-- Extracted data follows --
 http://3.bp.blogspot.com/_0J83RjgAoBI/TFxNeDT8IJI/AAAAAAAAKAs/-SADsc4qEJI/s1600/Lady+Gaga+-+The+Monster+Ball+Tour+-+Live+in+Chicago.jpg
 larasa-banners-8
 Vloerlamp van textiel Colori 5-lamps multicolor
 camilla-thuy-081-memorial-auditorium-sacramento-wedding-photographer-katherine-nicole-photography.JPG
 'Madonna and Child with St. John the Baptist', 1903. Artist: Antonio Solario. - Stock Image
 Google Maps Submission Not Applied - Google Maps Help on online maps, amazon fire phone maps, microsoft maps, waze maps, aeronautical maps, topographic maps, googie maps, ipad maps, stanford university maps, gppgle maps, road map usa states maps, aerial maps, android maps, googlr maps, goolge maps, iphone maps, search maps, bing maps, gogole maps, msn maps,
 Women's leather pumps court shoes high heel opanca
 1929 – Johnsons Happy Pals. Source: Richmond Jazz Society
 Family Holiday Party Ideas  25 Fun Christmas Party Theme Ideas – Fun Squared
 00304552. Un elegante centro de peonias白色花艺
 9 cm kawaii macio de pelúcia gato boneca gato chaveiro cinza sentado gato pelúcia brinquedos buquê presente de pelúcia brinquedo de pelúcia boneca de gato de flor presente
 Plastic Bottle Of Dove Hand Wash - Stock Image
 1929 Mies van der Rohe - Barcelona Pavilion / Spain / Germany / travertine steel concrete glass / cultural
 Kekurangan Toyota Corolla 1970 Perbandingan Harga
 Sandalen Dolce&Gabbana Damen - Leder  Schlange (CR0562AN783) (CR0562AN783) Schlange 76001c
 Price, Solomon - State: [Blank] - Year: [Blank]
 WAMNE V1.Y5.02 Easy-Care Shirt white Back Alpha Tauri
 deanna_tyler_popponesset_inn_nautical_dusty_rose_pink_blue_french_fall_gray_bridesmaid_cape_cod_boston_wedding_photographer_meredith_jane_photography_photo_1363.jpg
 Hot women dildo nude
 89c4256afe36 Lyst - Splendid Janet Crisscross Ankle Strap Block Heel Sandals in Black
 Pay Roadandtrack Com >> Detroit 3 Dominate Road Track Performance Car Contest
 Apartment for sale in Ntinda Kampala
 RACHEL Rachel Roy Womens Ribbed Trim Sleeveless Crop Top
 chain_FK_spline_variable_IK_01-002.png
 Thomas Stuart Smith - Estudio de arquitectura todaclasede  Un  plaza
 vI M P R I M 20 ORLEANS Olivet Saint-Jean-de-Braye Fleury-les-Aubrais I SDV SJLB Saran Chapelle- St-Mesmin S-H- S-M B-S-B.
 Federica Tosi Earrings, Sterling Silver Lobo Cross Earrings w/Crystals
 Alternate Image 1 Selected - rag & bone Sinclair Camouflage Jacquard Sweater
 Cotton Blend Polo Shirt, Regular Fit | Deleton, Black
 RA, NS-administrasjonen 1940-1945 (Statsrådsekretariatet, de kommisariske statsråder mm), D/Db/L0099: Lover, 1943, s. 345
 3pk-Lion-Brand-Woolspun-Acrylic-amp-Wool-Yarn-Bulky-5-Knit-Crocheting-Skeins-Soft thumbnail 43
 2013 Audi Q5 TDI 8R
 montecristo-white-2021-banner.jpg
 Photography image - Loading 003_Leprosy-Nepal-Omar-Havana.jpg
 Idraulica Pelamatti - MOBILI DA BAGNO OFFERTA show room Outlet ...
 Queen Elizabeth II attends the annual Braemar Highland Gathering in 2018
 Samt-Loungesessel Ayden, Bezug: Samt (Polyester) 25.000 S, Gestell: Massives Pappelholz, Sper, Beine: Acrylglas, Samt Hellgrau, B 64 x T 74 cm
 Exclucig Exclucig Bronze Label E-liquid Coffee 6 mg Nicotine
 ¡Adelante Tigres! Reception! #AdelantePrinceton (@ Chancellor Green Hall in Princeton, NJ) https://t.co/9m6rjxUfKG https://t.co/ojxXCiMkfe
-- Extracted data concluded --
Activity: Will you return exactly the lines above from the one with "Women's leather pumps" down to the one with "WAMNE V1.Y5.02 Easy-Care", counting both as part of the range?

Task output:
 Women's leather pumps court shoes high heel opanca
 1929 – Johnsons Happy Pals. Source: Richmond Jazz Society
 Family Holiday Party Ideas  25 Fun Christmas Party Theme Ideas – Fun Squared
 00304552. Un elegante centro de peonias白色花艺
 9 cm kawaii macio de pelúcia gato boneca gato chaveiro cinza sentado gato pelúcia brinquedos buquê presente de pelúcia brinquedo de pelúcia boneca de gato de flor presente
 Plastic Bottle Of Dove Hand Wash - Stock Image
 1929 Mies van der Rohe - Barcelona Pavilion / Spain / Germany / travertine steel concrete glass / cultural
 Kekurangan Toyota Corolla 1970 Perbandingan Harga
 Sandalen Dolce&Gabbana Damen - Leder  Schlange (CR0562AN783) (CR0562AN783) Schlange 76001c
 Price, Solomon - State: [Blank] - Year: [Blank]
 WAMNE V1.Y5.02 Easy-Care Shirt white Back Alpha Tauri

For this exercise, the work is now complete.